## WHAT TO DO
Wherever the listing holds a picture, leave it out, and copy the remainder exactly.

## DATASET CONTENT

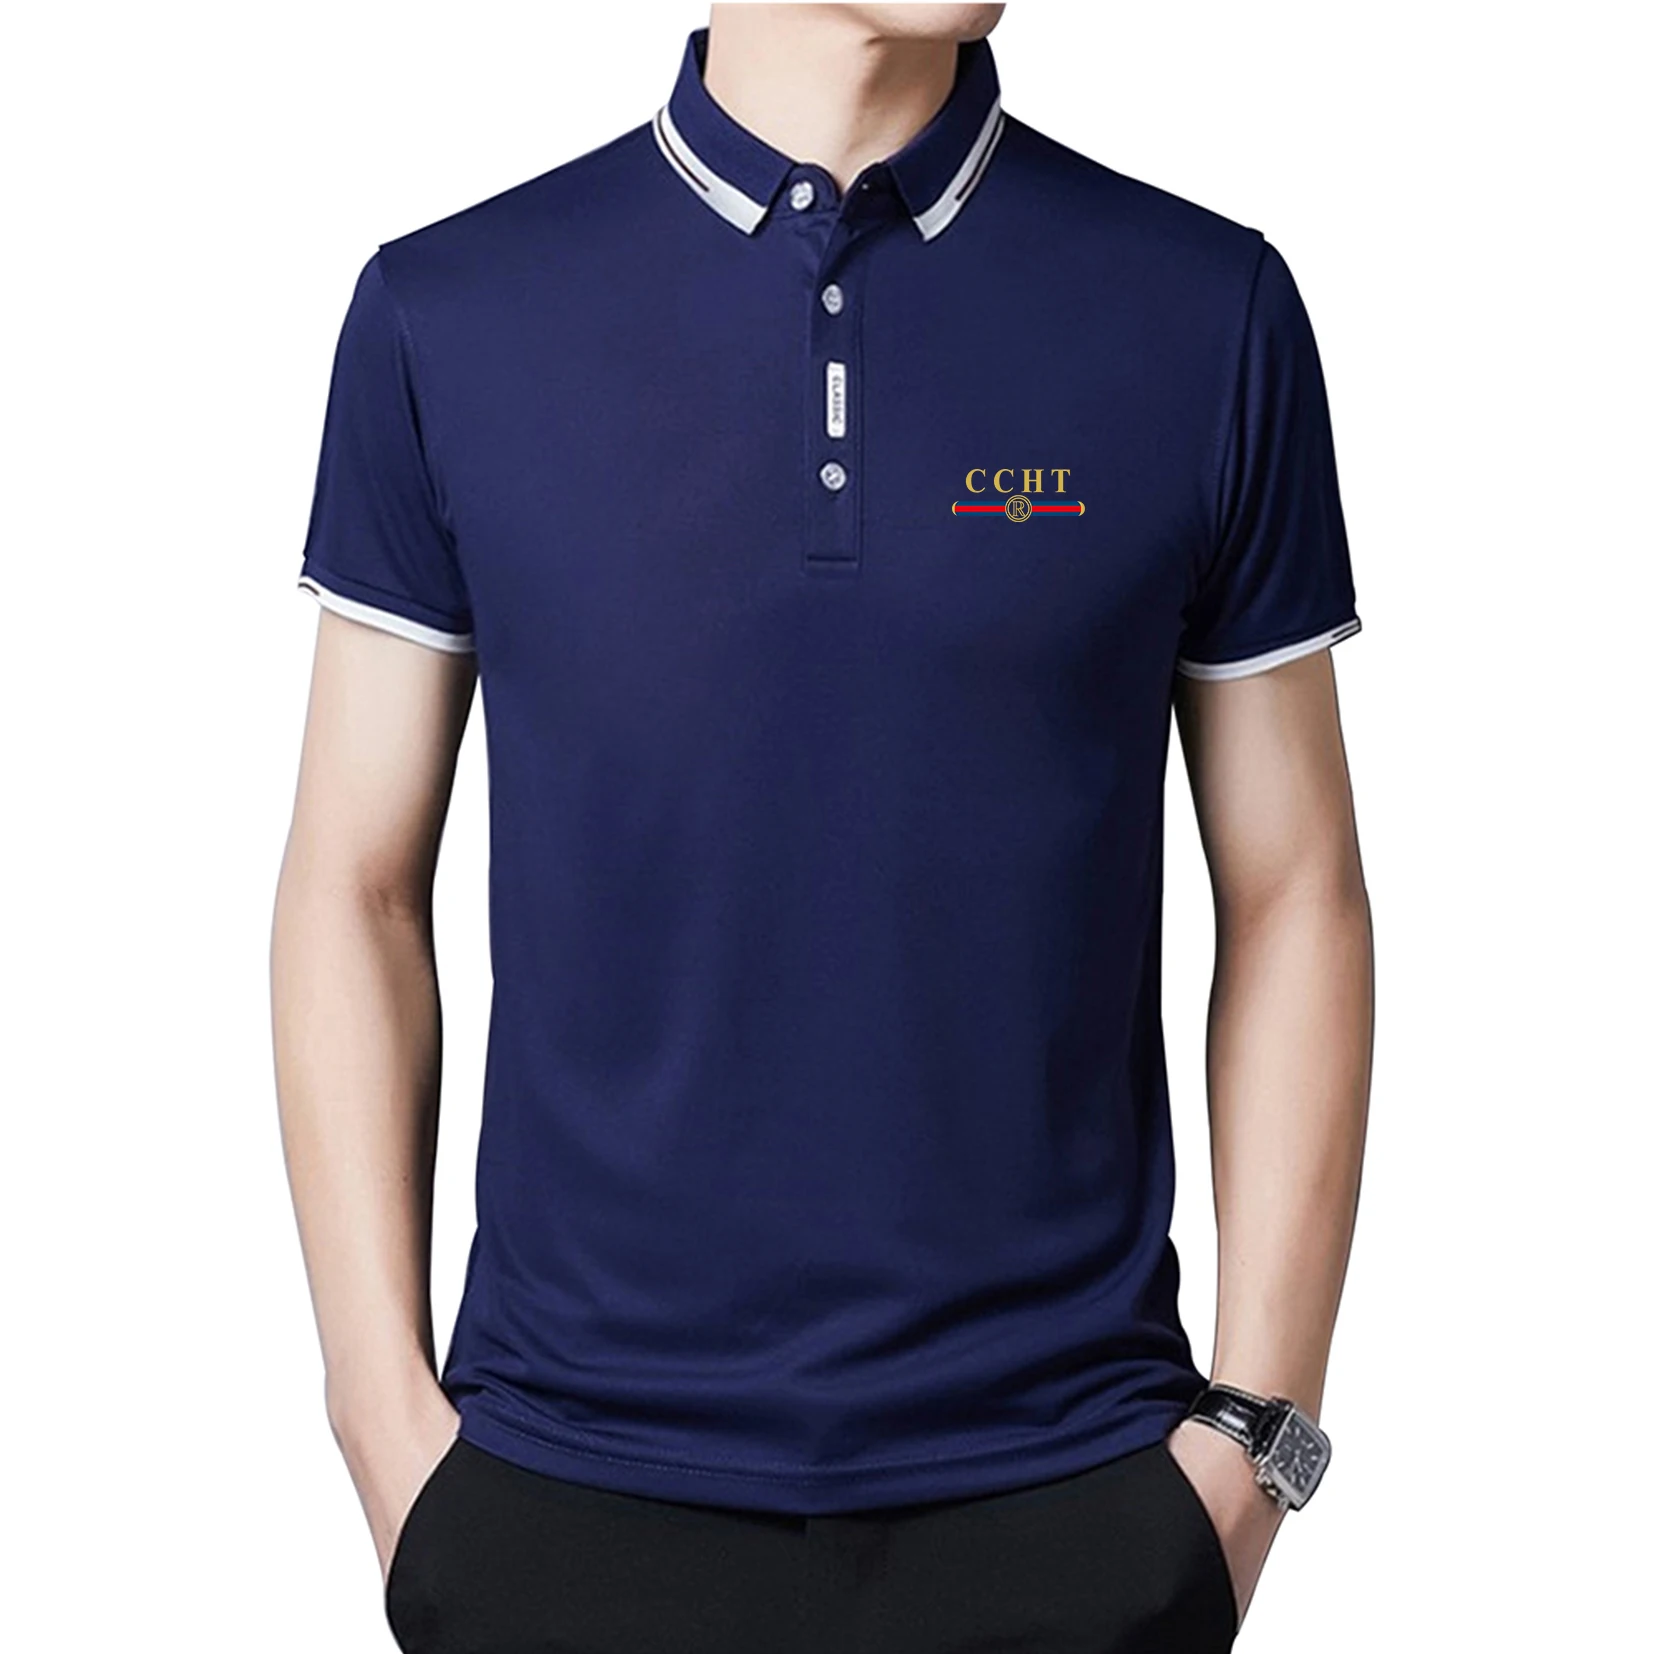 Nova Marca de Moda CCHT Impressão Homens de Camisa de Polo dos Homens de Alta Qualidade de Algodão Camisa de Manga Curta Marcas de Camisas polos de Verão
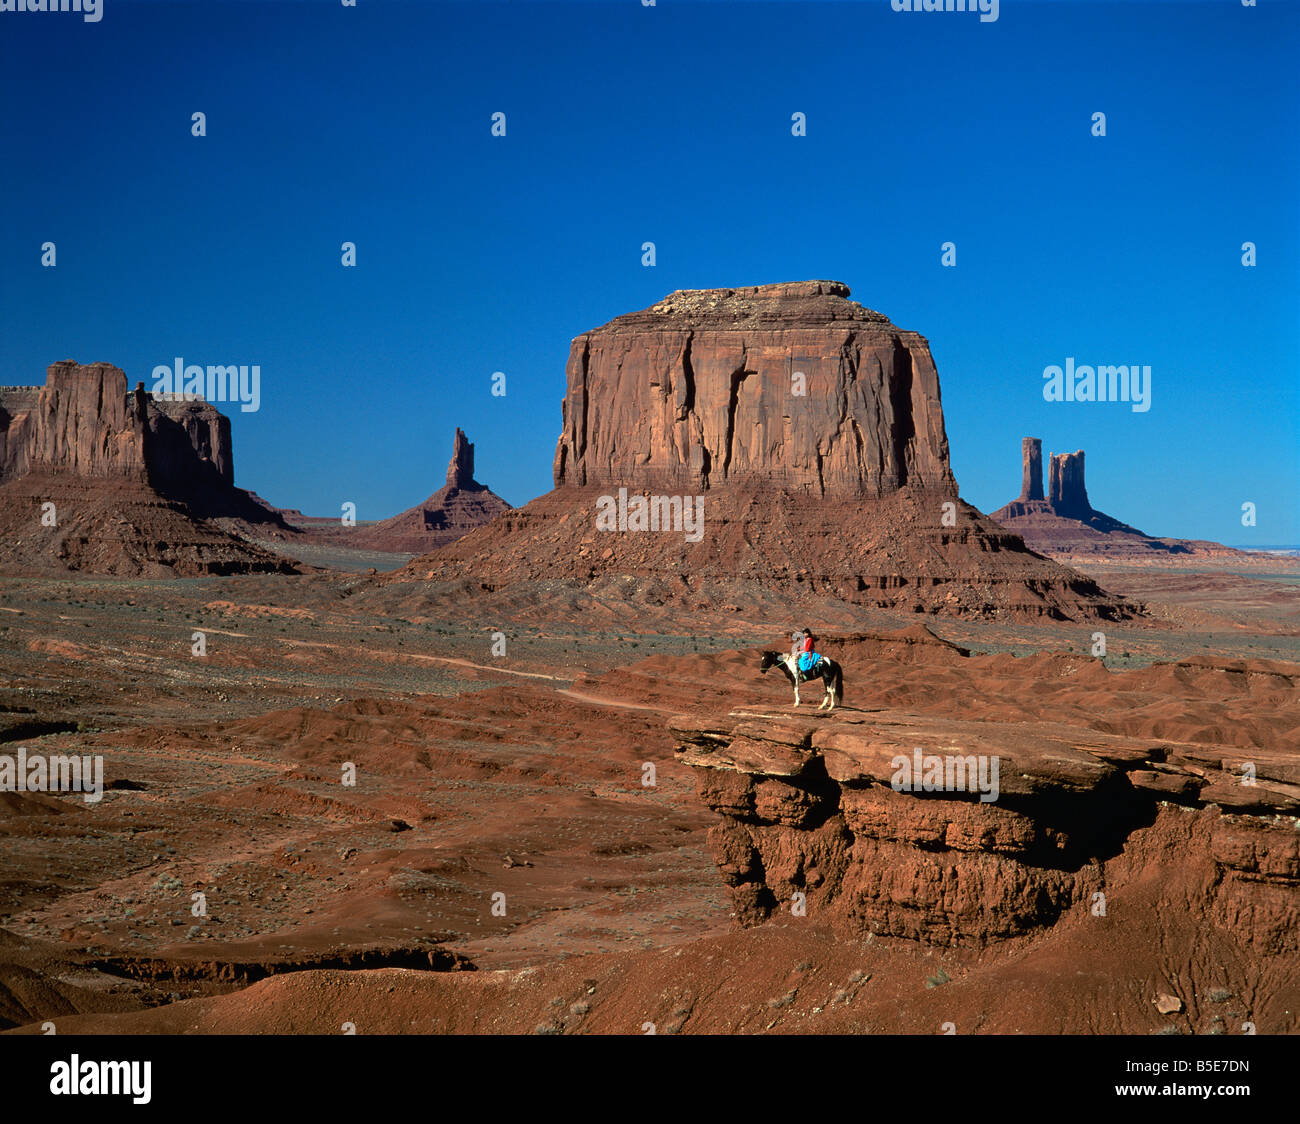 Una donna a cavallo nel deserto con formazioni rocciose causate da fenomeni di erosione in background in Monument Valley Arizona USA UN Foto Stock
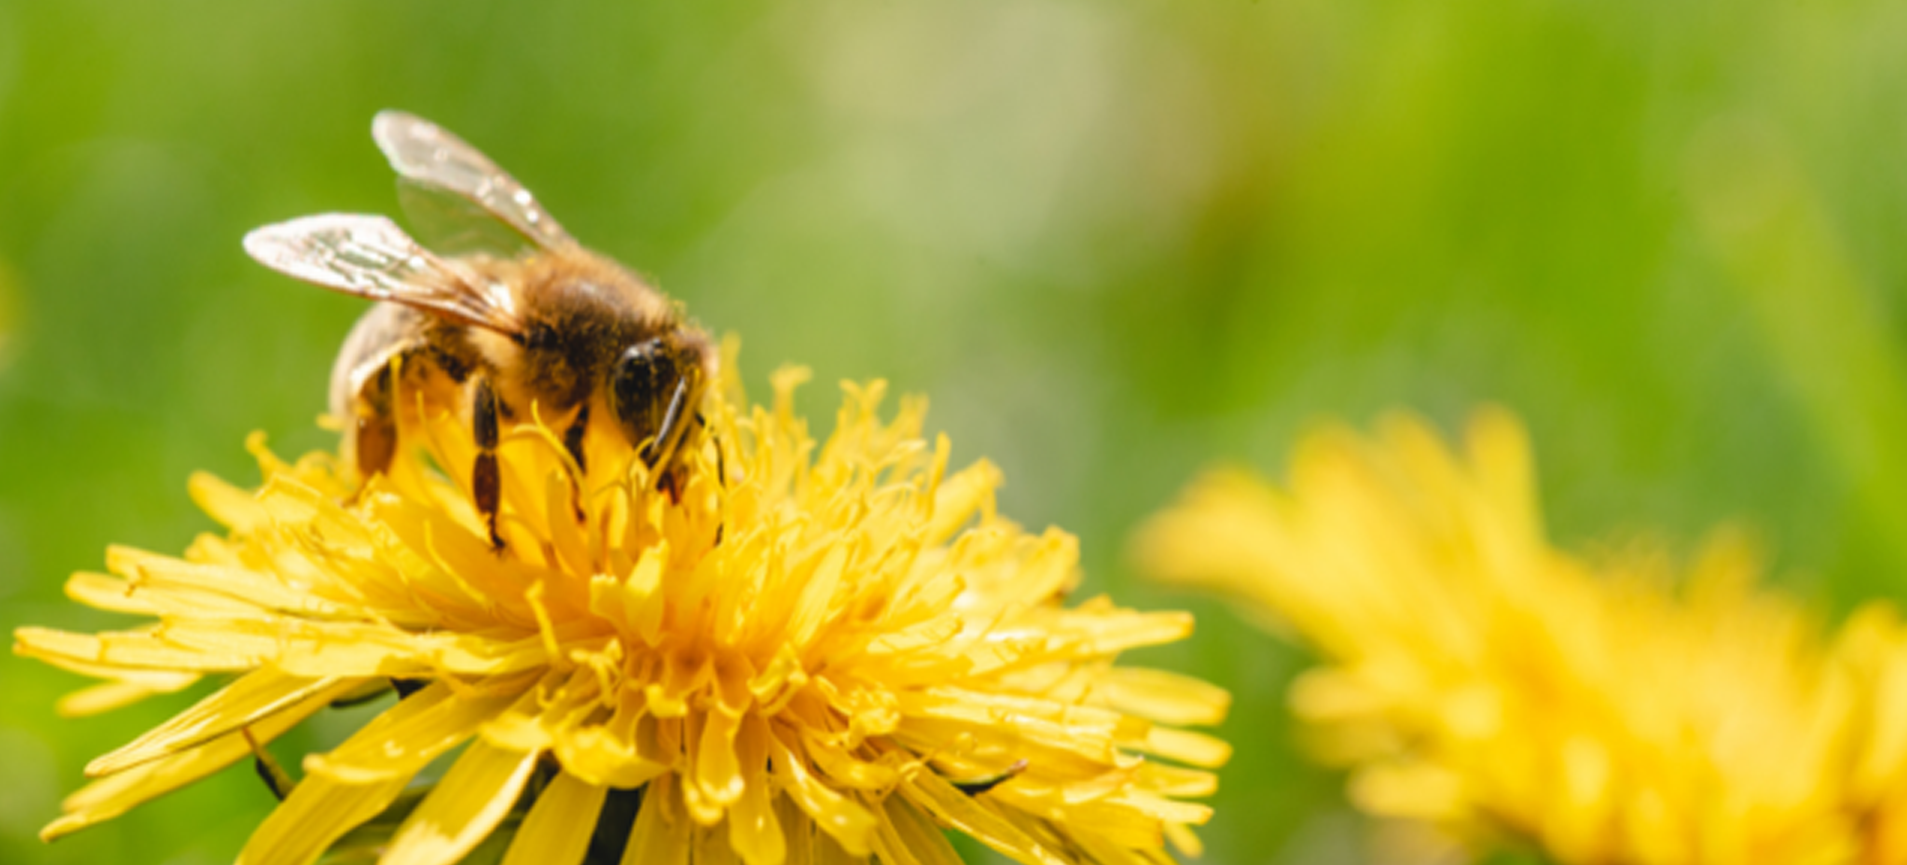 How do bees make honey

## SOLUTION TO THIS EXERCISE
 Nova Marca de Moda CCHT Impressão Homens de Camisa de Polo dos Homens de Alta Qualidade de Algodão Camisa de Manga Curta Marcas de Camisas polos de Verão
 Una donna a cavallo nel deserto con formazioni rocciose causate da fenomeni di erosione in background in Monument Valley Arizona USA UN Foto Stock
 How do bees make honey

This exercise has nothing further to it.